Brian the Sociologist's Blog

Tuesday, May 28, 2013

Ming Chuan University and our trip is nearly over

Our trip is nearly over.  I may have a chance to post again, but among a final day of sight seeing, packing, and seeing some past student this may be my last post before we hop on that plane home.  We spent the day with Ming Chuan University and I want to say thanks to Dr. Yien, Carol, and Carine for their genuine hospitality.  You made us feel at home.  We saw a great presentation on leadership by Professor Wang and enjoyed a tour of the Ming Chuan Taoyan Campus.  We had the chance to meet with 11 Ming Chuan students and some MCU faculty who will soon be joining us at SVSU and we look forward to seeing you in Michigan.
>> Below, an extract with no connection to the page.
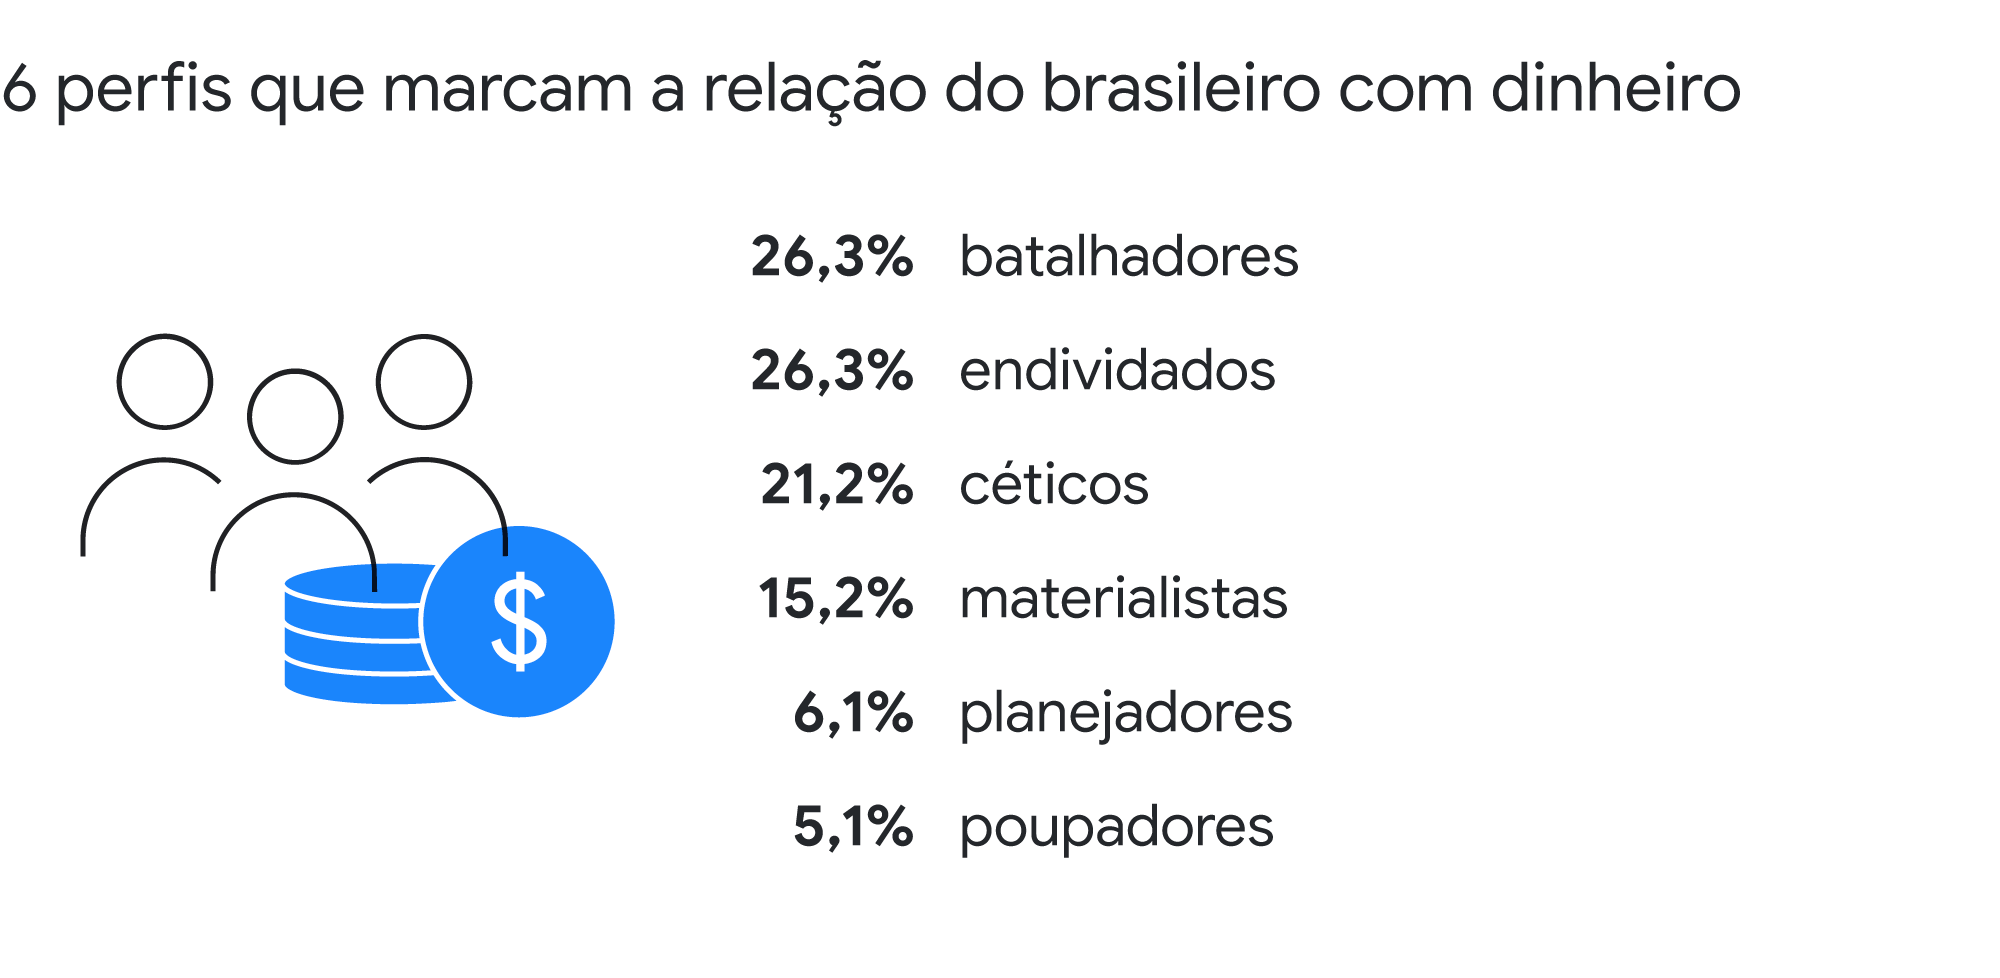 6 perfis que marcam a relação do brasileiro com o dinheiro: 26,3% são batalhadores; 26,3%, endividados; 21,2%, céticos; 15,2% são materialistas; 6,1%, planejadores e 5,1% são poupadores.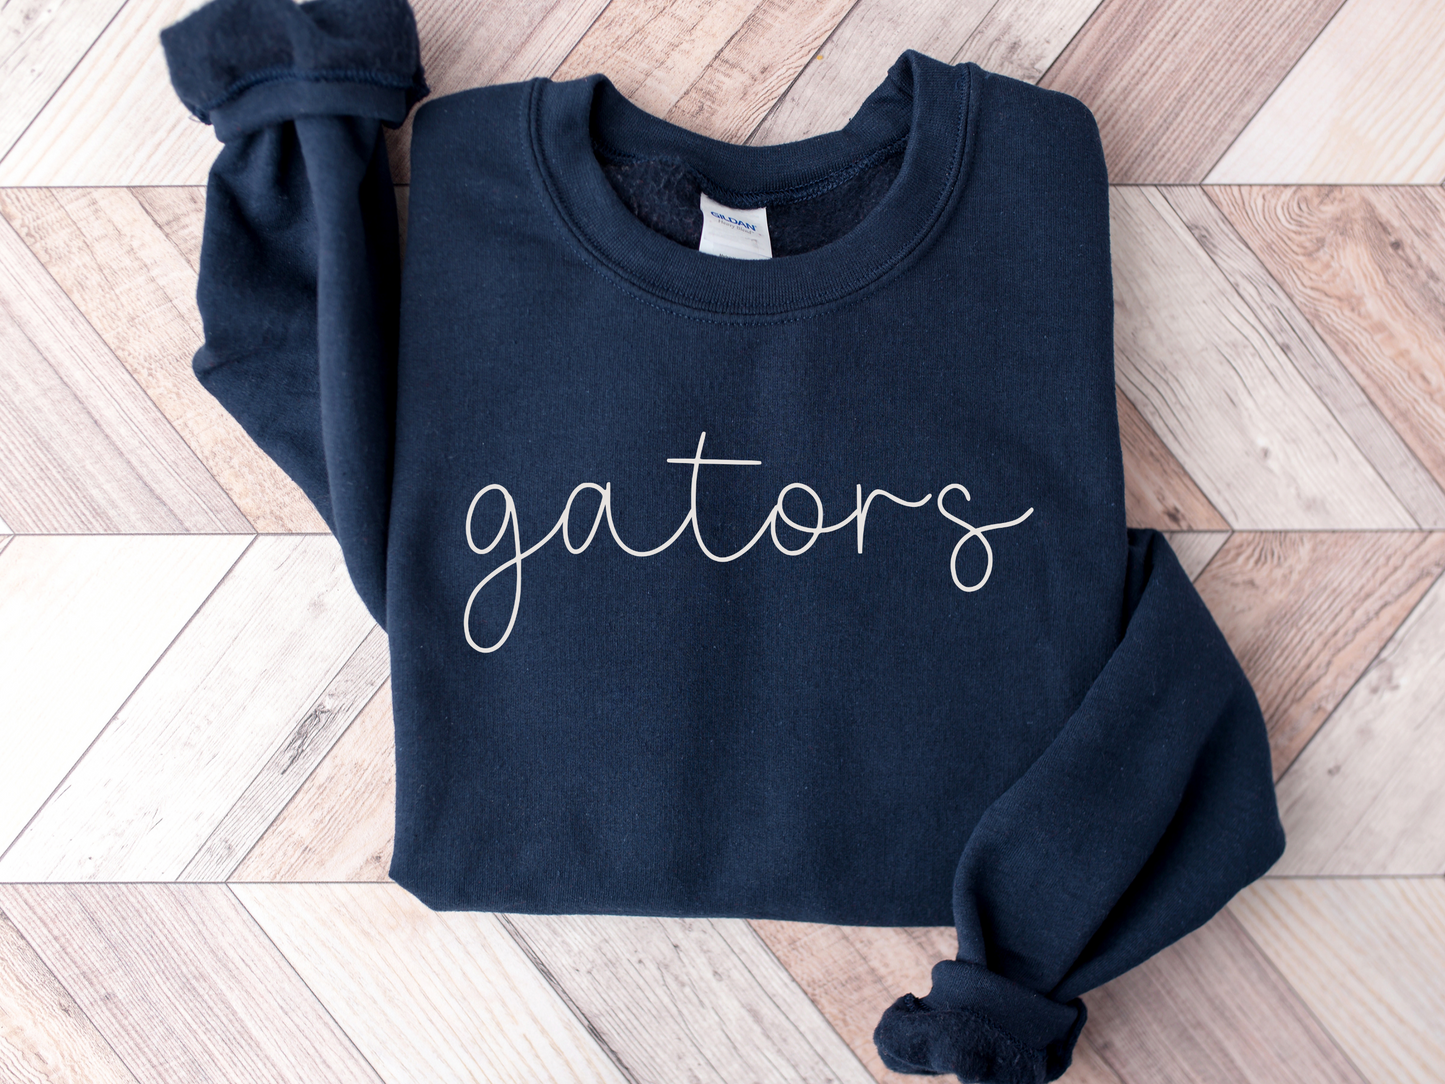 Gators Minimalist Adult Unisex Sweatshirt

Ming Chuan University also hosted us for dinner along with 16 other SVSU students and Dr. Elizabeth Rich who arrived from Michigan at 10 PM last night.  Honestly, some of them still looked a little shocked to be in Taiwan and it was strange for me to reflect on the fact that many of our Roberts Fellows carried the same expression a few short weeks ago.  These students will be studying at Ming Chuan for the next 4 weeks and I know that they are in good hands.  It is nice to know that there will be some SVSU students still carrying the flag for our university as we depart.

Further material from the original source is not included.